Бела Иллеш - Обретение Родины
Балинт, молча выслушавший речь генерала, кисло улыбнулся в ответ на эту похвалу. Генерал заметил, но не подал виду. Попрощавшись с офицерами, он уехал.
Балинту вскоре пришлось убедиться, что похвала начальства была не менее искренна, чем критика. Через трое суток после инспектирования распределительного лагеря в Давыдовке все четыре работавших здесь советских офицера заслушали приказ о награждении их за самоотверженную работу среди венгерских военнопленных.
* * *В доме, где расположилась группа Дюлы Пастора, кипел ожесточенный спор. Дошло до того, что Ковач и Риток стали грозить друг другу кулаками. Венгры чуть ли не третьи сутки спорили не переставая, сколько же времени продолжится их пребывание в плену и каким образом смогут они добиться возвращения на родину.
— Раз уж мне так повезло, что я сюда попал, — горячась, говорил Ковач, — мне хочется поучиться здесь тому, как русские рабочие и крестьяне управляют своей страной. Тогда-то уж я хорошо буду знать, что нужно делать по возвращении в Венгрию!..
— Вольному воля! Можешь у них учиться сколько влезет! — вопил Риток. — Не вижу большой беды, если ты вовсе тут останешься! Хоть навеки! Венгрия прекрасно обойдется без тебя!.. А мне вот охота попасть домой, притом как можно скорее. Мне не удается здесь даже хлеба вдоволь пожевать. И если не будет какого чуда, мы все тут сдохнем. Вместо того чтобы обеспечить нас хлебом, этот желторотый лейтенантишка знай себе рассказывает сказки о Доже[8] и Кошуте…[9]

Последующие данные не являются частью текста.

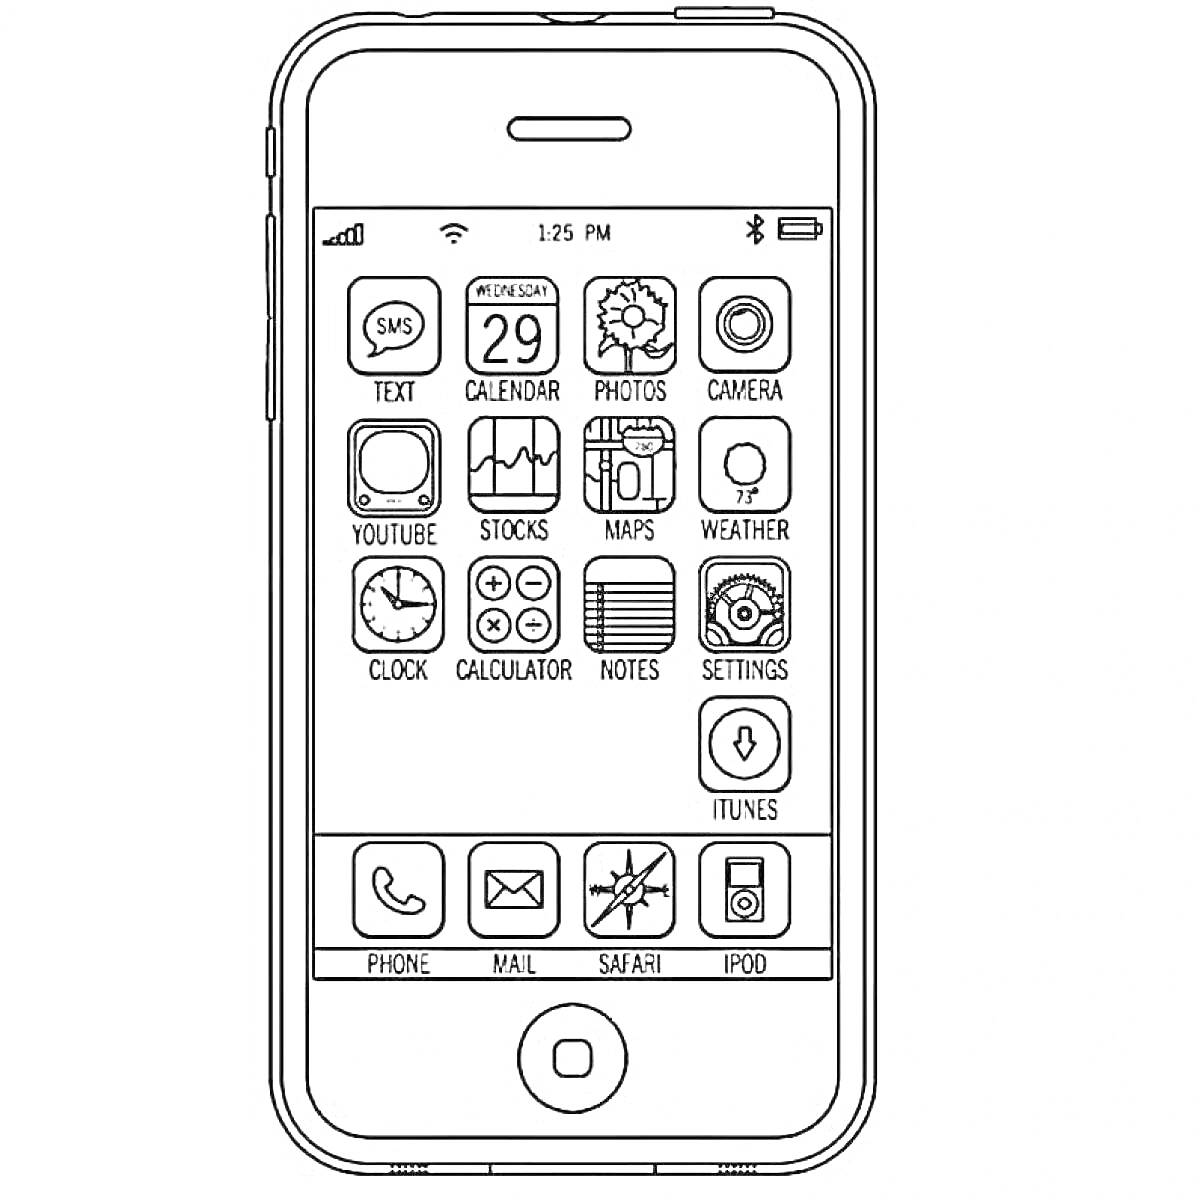 Раскраска Айфон 14 с иконками приложений, отображением времени и уровня заряда батареи
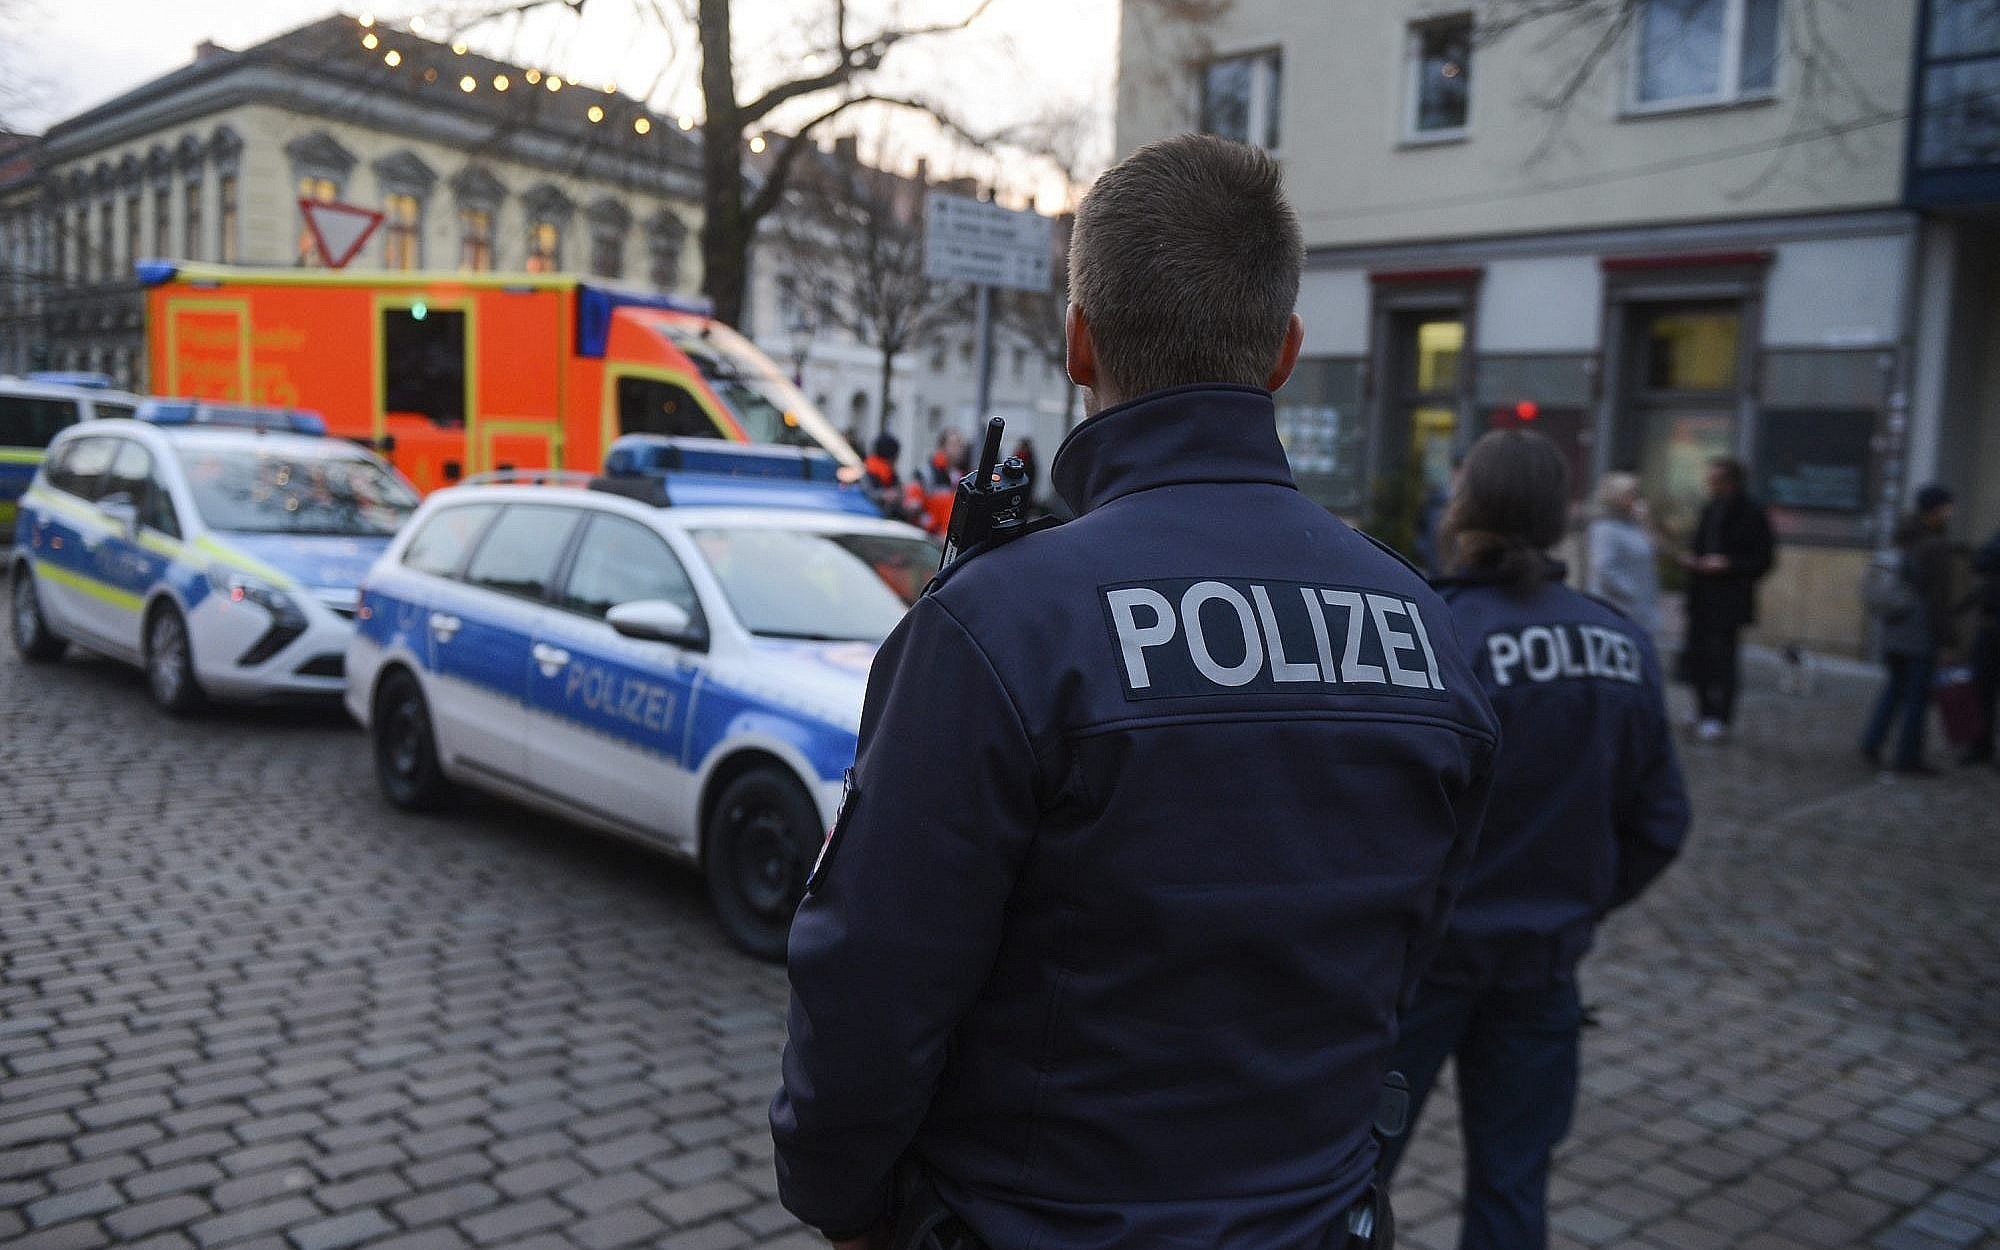 Γερμανία: Τρείς νεκροί από επίθεση με μαχαίρι στην πόλη Βίρτσμπουργκ (upd)

— А что, разве на фронте ты мало мерз и голодал?
— Так то было на фронте. Там я страдал во имя отечества.
— Во имя отечества, говоришь? Ну, хорошо… Только скажи, сделай милость, что же это за отечество, которое гонит тебя на пустой желудок и в летней одежонке сражаться за немцев, да еще за две тысячи километров от собственных своих границ?
Тут в перепалку вмешался Шебештьен:
— Послушай, Риток! Время, когда тебе платили за такую вот болтовню, уже прошло и миновало. Только собака, говорят, подыхает на могиле своего хозяина, да и то сказки.
— Ошибаешься! — вставил свое слово Ковач. — Взгляни на Ритока…
Еще мгновение — и послышались угрозы, а через минуту в воздухе замелькали и кулаки. Драка могла разбушеваться не на шутку, да Риток вовремя заметил, что оказался в одиночестве, а Шебештьен, со своей стороны, всячески старался удержать Ковача.
Когда же на пороге появился Дюла Пастор, все сразу утихомирились: пересилило любопытство.
— Ну? Рассказывай, чего они от тебя хотели? Что теперь будет?
— Разговаривал со мной сам генерал. Переводил лысый майор, Балинт его зовут.
— Для чего это ты вдруг понадобился генералу?
— Не знаю. Он интересовался, где я учился, как жил до войны. Спрашивал о жене, о детях. Даже обрадовался, когда я сказал, что и мой отец, и мой тесть, оба были батраками. Ну вот и все. На прощанье пожал руку.
— А дал он тебе что-нибудь? — осведомился Риток.
— Ничего не давал.
— Хорош генерал! К примеру, будь на его месте венгерский да вызови он к себе какого-нибудь военнопленного — как пить дать одарил бы чем-нибудь на прощанье после разговора.
— Какое может быть сомненье! Непременно одарил бы… веревкой или пулей! — отозвался Ковач.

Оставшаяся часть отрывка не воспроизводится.